Ok guys my plant im pretty sure is about to start budding soon and im planning on doing the "hang dry" method.

now my question to you is how long will both take?
i know that you stop drying when you can bend the stem and break it but how do you cure it once its like that? Ive been reading as much as i can and im still kinda un sure about it. Whats this about putting the bud in glass jars and airing them out for an hour in 24 hours? basically how do you cure the bud? thanks a lot for baring with my retarded questions!


----------



## Dr.GreenThumb (Jul 19, 2006)

I'm in a dry/HOT climate, took just over 2 days to hang dry. Another day in a brown bag, then into the mason jars for weeks. Opened the jars about 1 hour per day for the 1st week.


----------



## danknuggets (Jul 19, 2006)

me too i live in texas so its pretty humid and hot here,so you dryed yours outside? 

also when you dry it,do you just cut the bottom part of the stem and take the entire plant and hang it upside down for 2 days,or did you jsut cut the stems where the buds were? thanks


----------



## Mutt (Jul 19, 2006)

Mind if I jump in.
You can do it either way. Myself I cut the branches off the main stem and hang those. Either way will work fine.
I trim my large fan leaves off as well. 

Here is a link with pictures by DJ Short. Same way the Dr. does it.
http://cannabisculture.com/backissues/cc10/cure.html


----------



## sandman (Jul 19, 2006)

Thanks Mutt for the link!I really like the step by step stuff with pics!I did an outdoor grow of about 10 plants a couple years ago.Drying and curing up here in the Great Northwest in Late September is a challenge if you can't do it inside your house.I had to do it in a unheated shed,so keeping mold away was tricky.I kept constant vigilance plus a small heater that you can set to different temps.I also did the paper bag thing.I did not do the sealed jar but I didnt know of it then.Still the smoke turned out pretty sweet.Ahhhh what a winter!!


----------



## danknuggets (Jul 19, 2006)

wow that link is ******* awesome thanks a lot mutt!

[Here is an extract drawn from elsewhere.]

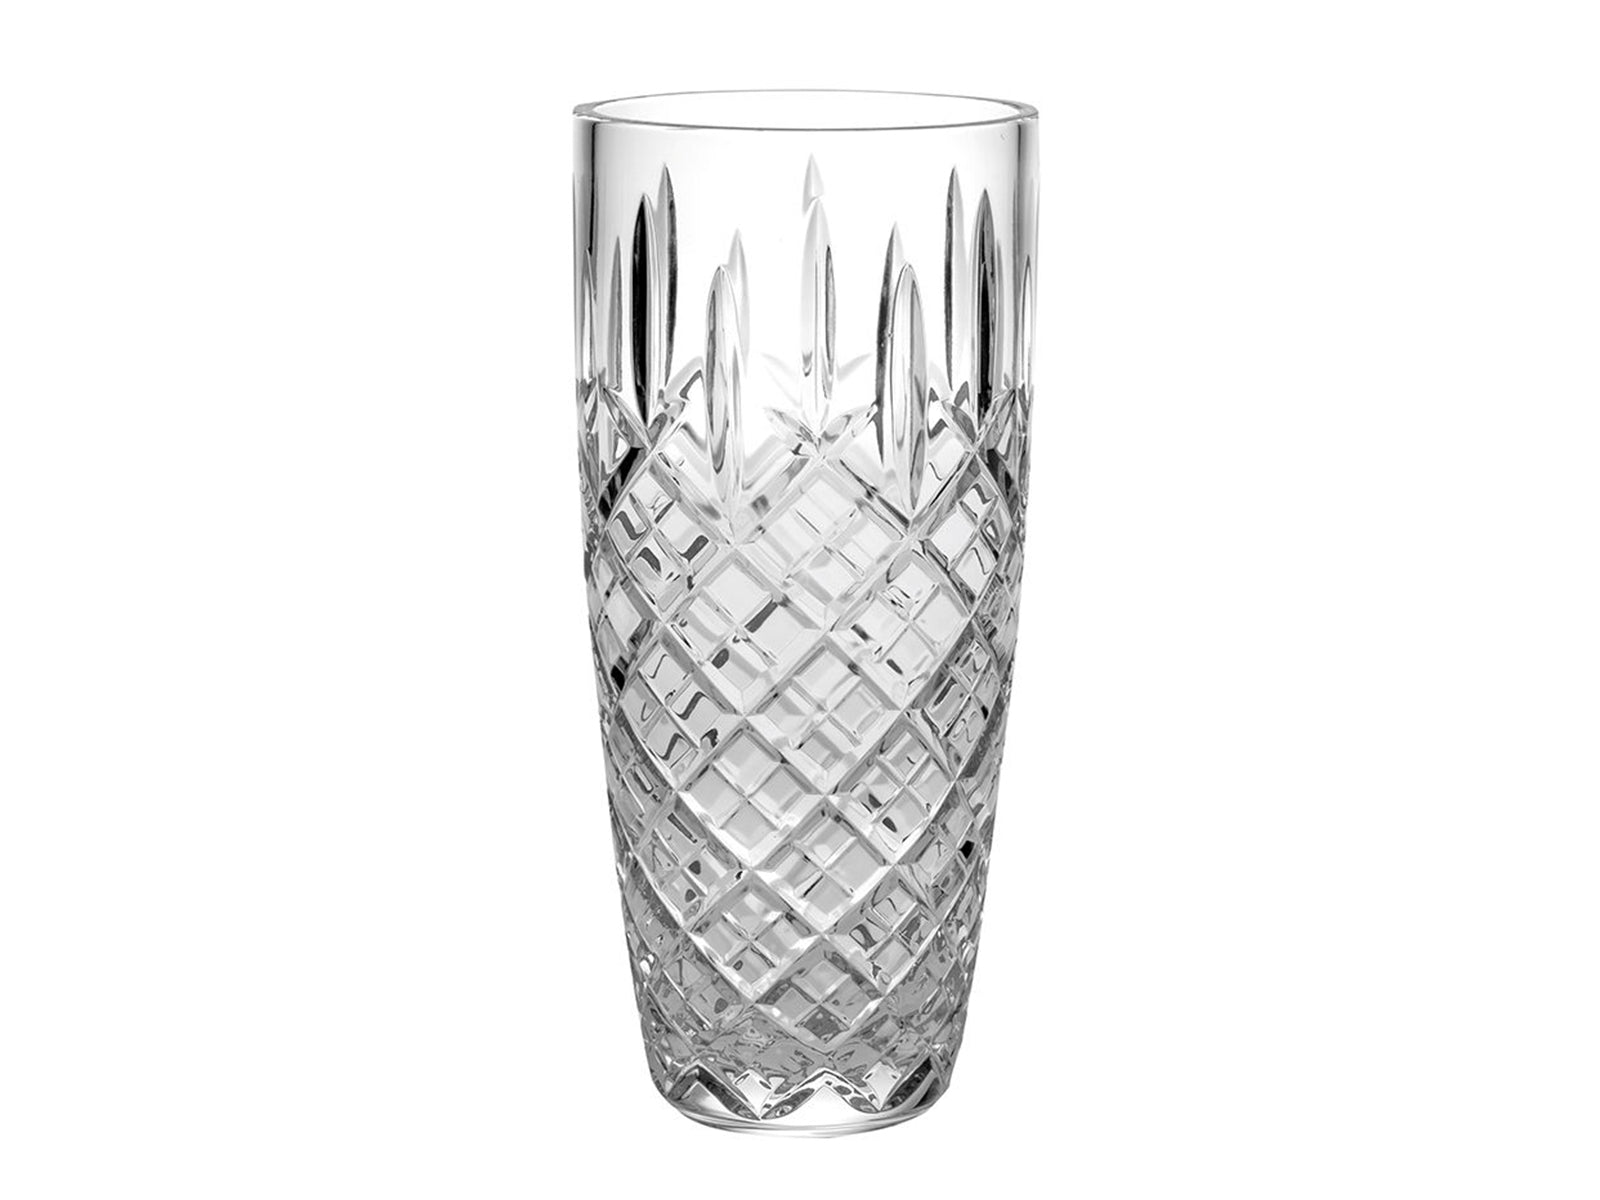 This Royal Scot Crystal London Vase - Barrel / Tall has been hand-cut by expert artisans with the elegant London design. Perfect for displaying larger bouquets, this vase is tall and wide-mouthed, along with a weighted base making it perfect for display.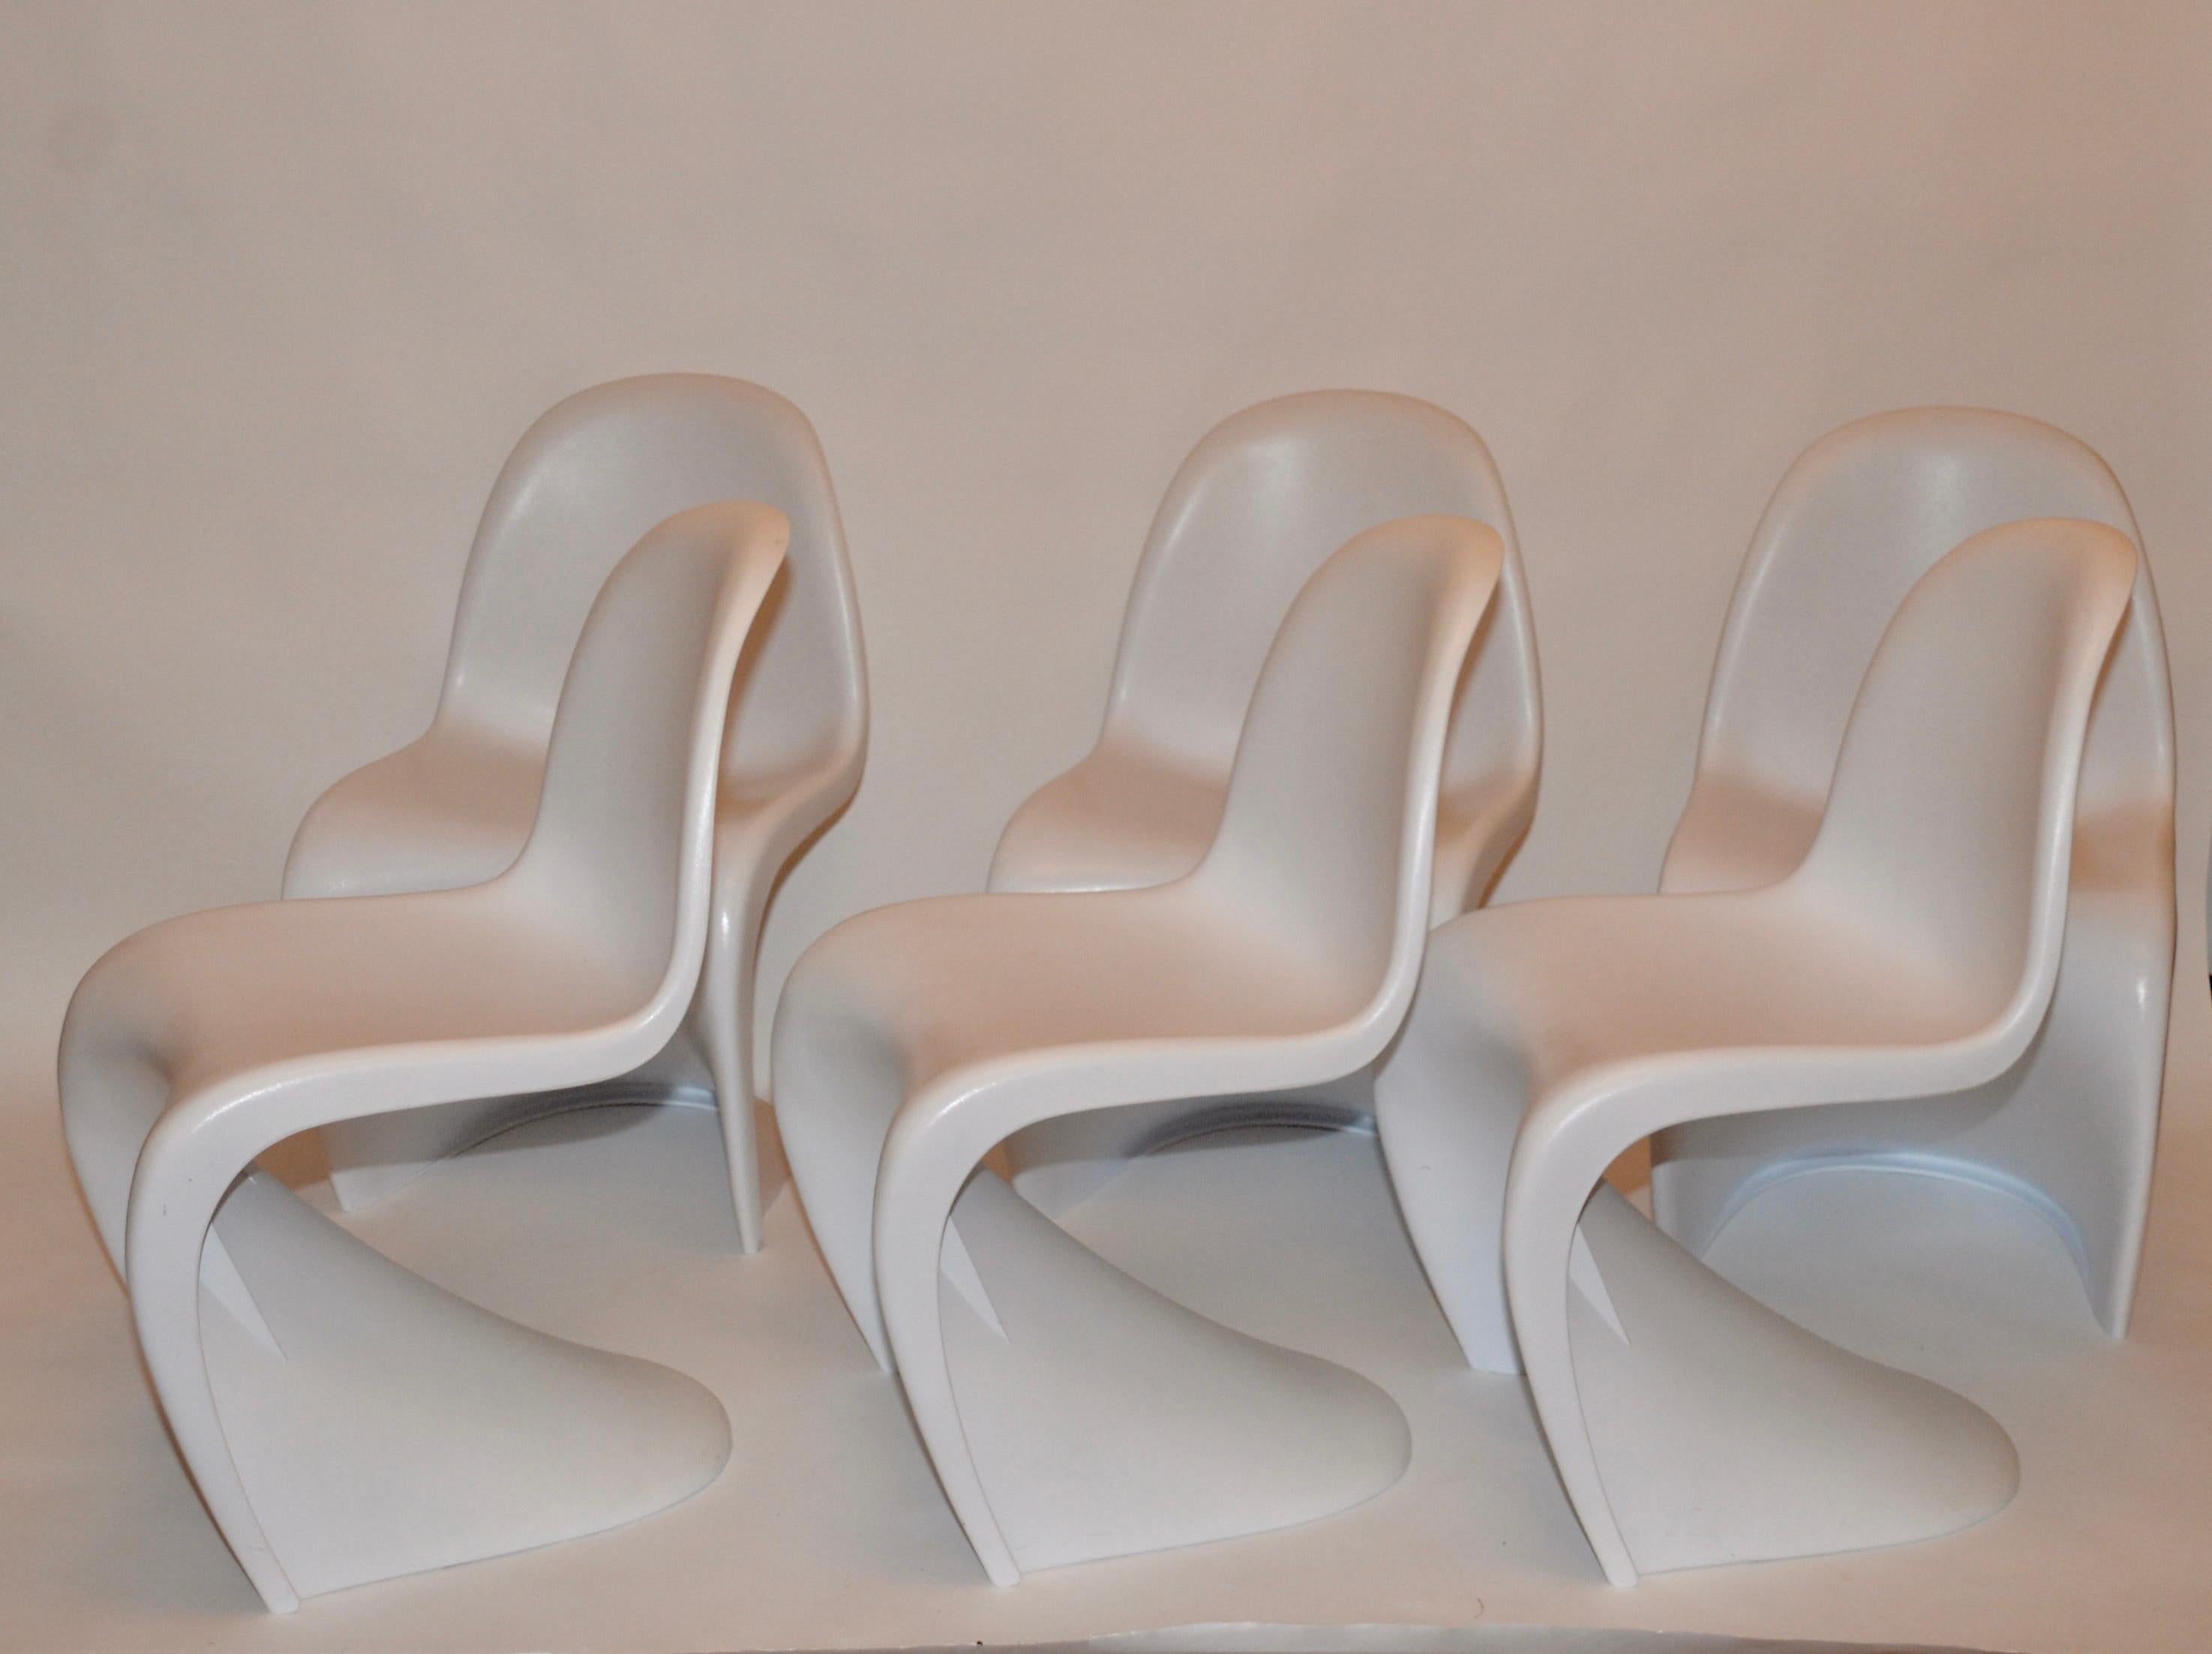 Mid-Century Modern Set of Six Chairs in the Style of the Verner Panton S Chair

So ok wait,you do both the paper bag and the jar methods?
Because in that link they did both i thought you only did one or the other?


----------



## Hick (Jul 19, 2006)

I would think that the "paper bag" step, would serve to slow the drying process in an arid climate, but could also present problems in a humid environment such as sandman spoke of. The paper bags do little for the "curing" process, "IMHO". The curing actually takes place during the slow process in the jars or some other 'sealed' environment.


----------



## KADE (Jul 19, 2006)

Yes hick, you are definately right. Unless the ambient humidity is very low.. say 25-30 or lower. Then it may be possible. But normally humidity varies quite a bit... so one day with the humidity high and that bud is full of water again.


----------



## astra007 (Aug 3, 2006)

every1 luvs bc bud - we trim everything off the buds and place on screens.  this is in a dark room with air movement blowing under, over and thru the buds, stirring occassionally.  ya keep this up for about 4 days until the stem of the bud snaps when ya bend it.  then the bud is placed into plastic - ziploc - bags and sweated with the lights on, stirring from the bottom up until no moisture forms in/on the bag when shut.  its cured fer the market.


----------